Multiple processes can insert into a table at once (because the row-excl lock
level is not self-conflicting, to be technical).
https://www.postgresql.org/docs/current/explicit-locking.html

In fact, that's a design requirement.  It's understood that many people would
be unhappy if only one client were able to run UPDATEs at once, and that only a
toy system would acquire a strong lock for DML.

-- 
Justin




Re: Query Planner not taking advantage of HASH PARTITION

2022-04-21 Thread Benjamin Tingle
Going to forward my response from an individual thread with Jeff here in
case anyone else can help me out.

I wasn't sure if forwarding the message to the mailing list would be
considered as a continuation of the same subject, so I'm just going to
paste it here. I'm a bit of an email noob :P

-

Jeff,

First off, thanks for the thoughtful response.
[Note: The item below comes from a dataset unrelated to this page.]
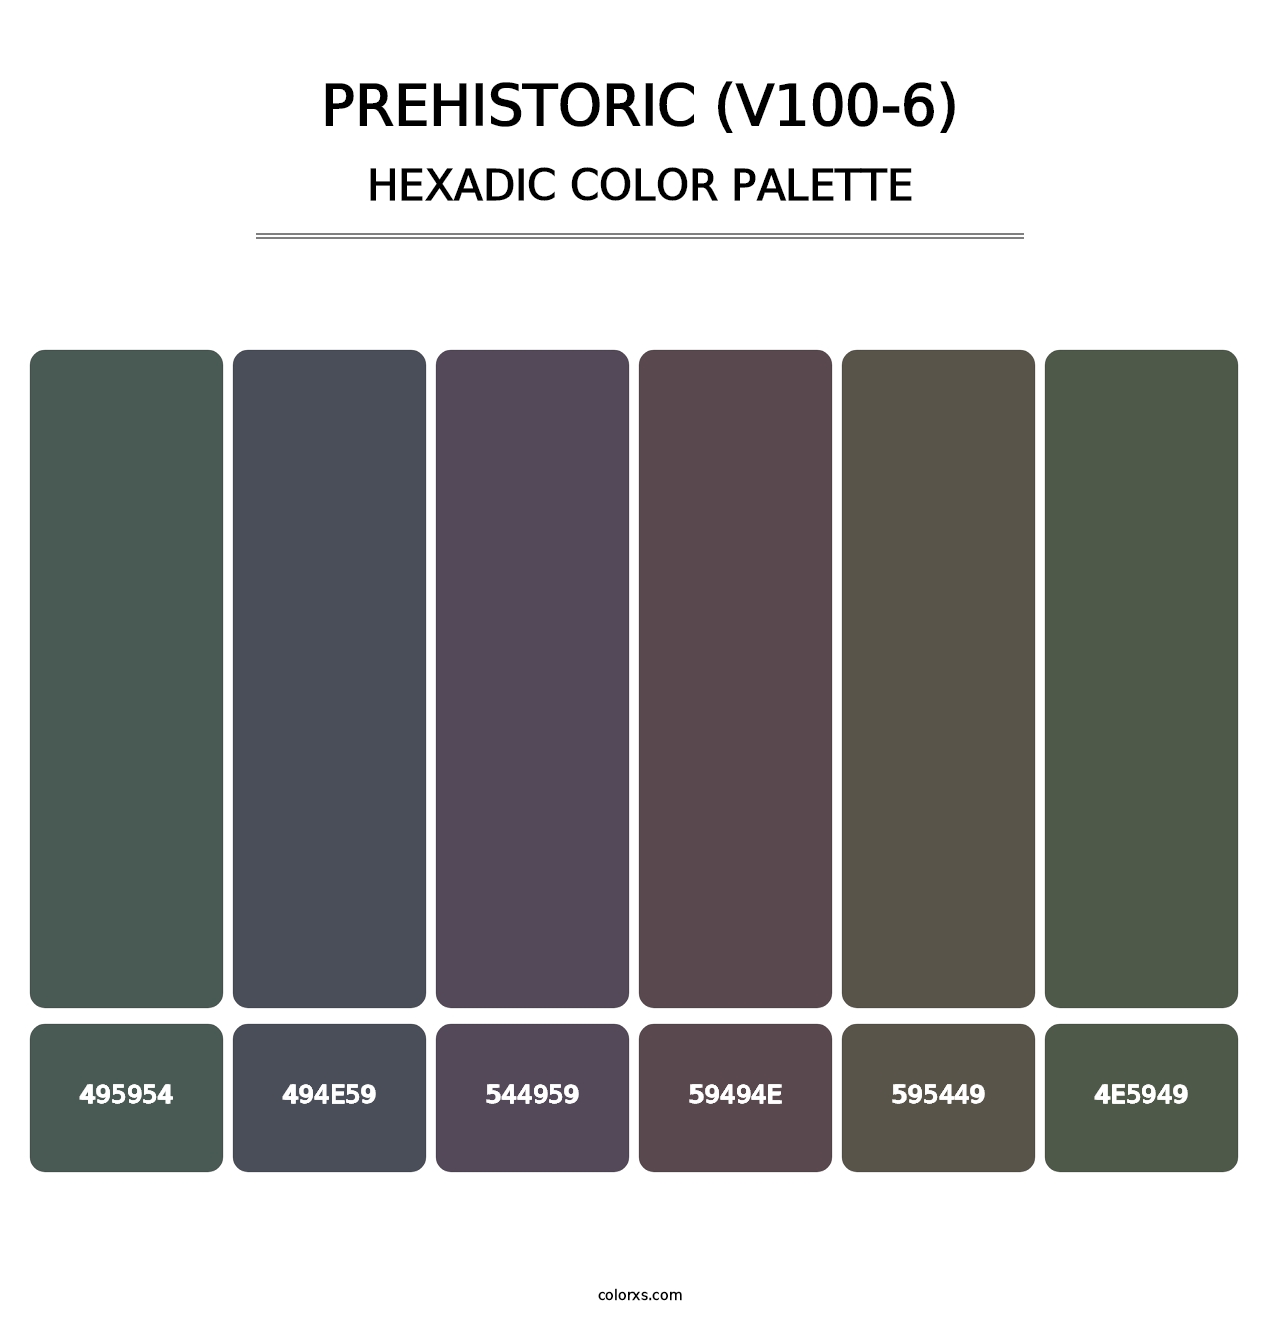 Prehistoric (V100-6) - Hexadic Color Palette

@ the first point about write locks
I think I had/have a misconception about how inserts work in postgres. It's
my understanding that postgres will never draft a parallel insert plan for
any query (except maybe CREATE TABLE AS?) because the process needs to
acquire an exclusive access write lock to the table it is inserting on. My
thinking was that since the partitions are treated as separate tables that
they can be theoretically inserted to in parallel.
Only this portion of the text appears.